(Material provided Opens)

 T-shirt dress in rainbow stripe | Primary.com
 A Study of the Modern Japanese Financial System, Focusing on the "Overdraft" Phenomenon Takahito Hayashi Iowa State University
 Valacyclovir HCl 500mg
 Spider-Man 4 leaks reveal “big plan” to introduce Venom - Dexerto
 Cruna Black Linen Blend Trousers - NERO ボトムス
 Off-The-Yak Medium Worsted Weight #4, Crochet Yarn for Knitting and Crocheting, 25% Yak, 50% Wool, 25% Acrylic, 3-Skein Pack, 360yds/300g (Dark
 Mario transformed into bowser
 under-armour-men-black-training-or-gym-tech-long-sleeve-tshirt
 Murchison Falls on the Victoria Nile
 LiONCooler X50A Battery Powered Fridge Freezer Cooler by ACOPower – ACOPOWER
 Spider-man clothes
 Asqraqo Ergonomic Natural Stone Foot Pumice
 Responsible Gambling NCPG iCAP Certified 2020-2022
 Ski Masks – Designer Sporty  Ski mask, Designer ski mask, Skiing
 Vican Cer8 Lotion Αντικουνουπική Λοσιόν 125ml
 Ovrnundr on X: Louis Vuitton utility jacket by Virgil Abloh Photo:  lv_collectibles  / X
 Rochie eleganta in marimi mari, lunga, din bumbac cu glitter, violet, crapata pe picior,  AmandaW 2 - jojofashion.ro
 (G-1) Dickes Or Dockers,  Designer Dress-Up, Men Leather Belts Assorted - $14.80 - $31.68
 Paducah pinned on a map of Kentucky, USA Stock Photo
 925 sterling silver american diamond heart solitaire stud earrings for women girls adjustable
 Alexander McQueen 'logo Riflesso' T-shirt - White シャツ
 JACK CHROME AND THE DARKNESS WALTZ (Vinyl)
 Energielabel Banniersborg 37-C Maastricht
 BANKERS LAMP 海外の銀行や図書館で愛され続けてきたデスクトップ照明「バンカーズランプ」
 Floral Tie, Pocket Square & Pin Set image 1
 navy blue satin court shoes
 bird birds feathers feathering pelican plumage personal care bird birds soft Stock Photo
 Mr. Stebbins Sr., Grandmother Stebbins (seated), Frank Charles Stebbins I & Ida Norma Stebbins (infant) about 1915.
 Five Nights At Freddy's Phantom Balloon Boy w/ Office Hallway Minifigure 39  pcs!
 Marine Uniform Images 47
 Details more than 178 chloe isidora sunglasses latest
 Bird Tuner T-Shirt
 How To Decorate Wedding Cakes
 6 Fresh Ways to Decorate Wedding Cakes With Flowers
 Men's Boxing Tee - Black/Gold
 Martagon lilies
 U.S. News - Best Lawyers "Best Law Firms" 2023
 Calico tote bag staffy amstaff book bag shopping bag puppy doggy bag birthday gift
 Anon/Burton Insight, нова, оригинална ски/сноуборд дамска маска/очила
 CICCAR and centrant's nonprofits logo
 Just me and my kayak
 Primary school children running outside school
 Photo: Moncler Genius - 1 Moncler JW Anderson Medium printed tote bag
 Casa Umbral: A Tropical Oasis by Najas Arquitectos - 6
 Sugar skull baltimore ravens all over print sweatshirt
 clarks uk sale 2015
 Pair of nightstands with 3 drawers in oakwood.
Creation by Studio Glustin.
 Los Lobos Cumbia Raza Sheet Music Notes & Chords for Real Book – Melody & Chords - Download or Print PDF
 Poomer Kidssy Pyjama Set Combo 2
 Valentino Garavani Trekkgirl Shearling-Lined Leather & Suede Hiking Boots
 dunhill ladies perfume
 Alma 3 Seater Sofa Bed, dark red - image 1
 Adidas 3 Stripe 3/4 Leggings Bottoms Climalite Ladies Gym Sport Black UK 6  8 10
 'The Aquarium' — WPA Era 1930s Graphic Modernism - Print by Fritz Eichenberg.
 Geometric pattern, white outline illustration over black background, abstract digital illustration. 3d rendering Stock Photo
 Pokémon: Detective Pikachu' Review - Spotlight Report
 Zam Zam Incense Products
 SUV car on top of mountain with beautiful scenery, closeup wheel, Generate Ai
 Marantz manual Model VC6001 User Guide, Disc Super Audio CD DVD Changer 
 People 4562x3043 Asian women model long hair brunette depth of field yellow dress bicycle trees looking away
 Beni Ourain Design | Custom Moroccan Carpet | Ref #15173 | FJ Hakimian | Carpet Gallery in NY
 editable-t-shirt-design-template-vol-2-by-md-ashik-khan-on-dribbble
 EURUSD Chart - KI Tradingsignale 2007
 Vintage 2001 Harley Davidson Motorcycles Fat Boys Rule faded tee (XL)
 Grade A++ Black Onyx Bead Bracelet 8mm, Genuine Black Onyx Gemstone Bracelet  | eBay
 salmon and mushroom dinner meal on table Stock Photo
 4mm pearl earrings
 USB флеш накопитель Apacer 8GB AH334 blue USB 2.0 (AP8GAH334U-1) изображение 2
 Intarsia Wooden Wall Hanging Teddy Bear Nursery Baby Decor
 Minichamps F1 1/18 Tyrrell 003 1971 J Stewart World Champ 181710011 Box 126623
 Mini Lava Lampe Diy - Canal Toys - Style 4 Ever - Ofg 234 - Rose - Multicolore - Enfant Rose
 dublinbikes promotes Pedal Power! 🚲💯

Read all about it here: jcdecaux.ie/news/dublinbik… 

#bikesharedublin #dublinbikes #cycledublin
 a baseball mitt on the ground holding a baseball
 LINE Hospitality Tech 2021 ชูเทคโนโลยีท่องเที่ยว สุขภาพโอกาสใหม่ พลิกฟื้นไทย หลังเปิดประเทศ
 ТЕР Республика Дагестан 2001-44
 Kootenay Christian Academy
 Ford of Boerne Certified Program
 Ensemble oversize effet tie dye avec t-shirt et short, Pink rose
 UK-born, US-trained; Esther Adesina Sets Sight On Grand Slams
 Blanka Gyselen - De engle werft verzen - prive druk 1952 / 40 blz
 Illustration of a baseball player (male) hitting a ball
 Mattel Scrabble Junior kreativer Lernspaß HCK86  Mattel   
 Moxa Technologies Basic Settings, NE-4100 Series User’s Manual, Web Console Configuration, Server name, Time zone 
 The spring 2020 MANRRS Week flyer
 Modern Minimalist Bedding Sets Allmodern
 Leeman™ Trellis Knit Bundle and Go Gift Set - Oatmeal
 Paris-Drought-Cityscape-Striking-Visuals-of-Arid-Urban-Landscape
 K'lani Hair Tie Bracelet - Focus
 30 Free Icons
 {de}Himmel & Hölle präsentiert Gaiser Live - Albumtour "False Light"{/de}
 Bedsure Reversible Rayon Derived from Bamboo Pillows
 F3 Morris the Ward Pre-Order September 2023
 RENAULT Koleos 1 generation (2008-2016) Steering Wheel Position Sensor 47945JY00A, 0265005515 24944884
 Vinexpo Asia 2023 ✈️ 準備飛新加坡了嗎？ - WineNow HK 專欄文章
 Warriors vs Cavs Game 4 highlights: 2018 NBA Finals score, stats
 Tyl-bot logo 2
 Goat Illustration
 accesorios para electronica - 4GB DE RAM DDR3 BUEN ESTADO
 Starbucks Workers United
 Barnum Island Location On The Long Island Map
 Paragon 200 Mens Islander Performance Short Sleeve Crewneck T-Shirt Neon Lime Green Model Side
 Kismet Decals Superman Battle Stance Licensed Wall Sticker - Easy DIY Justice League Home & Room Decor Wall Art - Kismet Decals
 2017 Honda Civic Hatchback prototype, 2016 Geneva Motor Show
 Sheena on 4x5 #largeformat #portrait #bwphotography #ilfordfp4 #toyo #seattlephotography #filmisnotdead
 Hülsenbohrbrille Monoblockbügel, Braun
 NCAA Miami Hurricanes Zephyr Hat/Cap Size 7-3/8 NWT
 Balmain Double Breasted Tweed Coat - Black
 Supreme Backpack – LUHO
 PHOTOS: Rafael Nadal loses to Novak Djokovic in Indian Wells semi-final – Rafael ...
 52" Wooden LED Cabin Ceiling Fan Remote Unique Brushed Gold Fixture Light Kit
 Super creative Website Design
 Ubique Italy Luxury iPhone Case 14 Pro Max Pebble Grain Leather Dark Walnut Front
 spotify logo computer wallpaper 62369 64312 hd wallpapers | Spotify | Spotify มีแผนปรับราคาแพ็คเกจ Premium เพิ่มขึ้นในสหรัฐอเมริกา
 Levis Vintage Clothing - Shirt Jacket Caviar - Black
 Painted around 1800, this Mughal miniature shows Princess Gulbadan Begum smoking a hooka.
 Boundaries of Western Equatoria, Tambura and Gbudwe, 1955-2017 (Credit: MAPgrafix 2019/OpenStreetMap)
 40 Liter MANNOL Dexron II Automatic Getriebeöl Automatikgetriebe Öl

(Material provided Closes)

● Your task:
With the line holding "Energielabel Banniersborg 37-C Maastricht" as the first and the line holding "Mr. Stebbins Sr., Grandmother" as the last, set down that range of the entries above exactly, and nothing else.

● Response:
 Energielabel Banniersborg 37-C Maastricht
 BANKERS LAMP 海外の銀行や図書館で愛され続けてきたデスクトップ照明「バンカーズランプ」
 Floral Tie, Pocket Square & Pin Set image 1
 navy blue satin court shoes
 bird birds feathers feathering pelican plumage personal care bird birds soft Stock Photo
 Mr. Stebbins Sr., Grandmother Stebbins (seated), Frank Charles Stebbins I & Ida Norma Stebbins (infant) about 1915.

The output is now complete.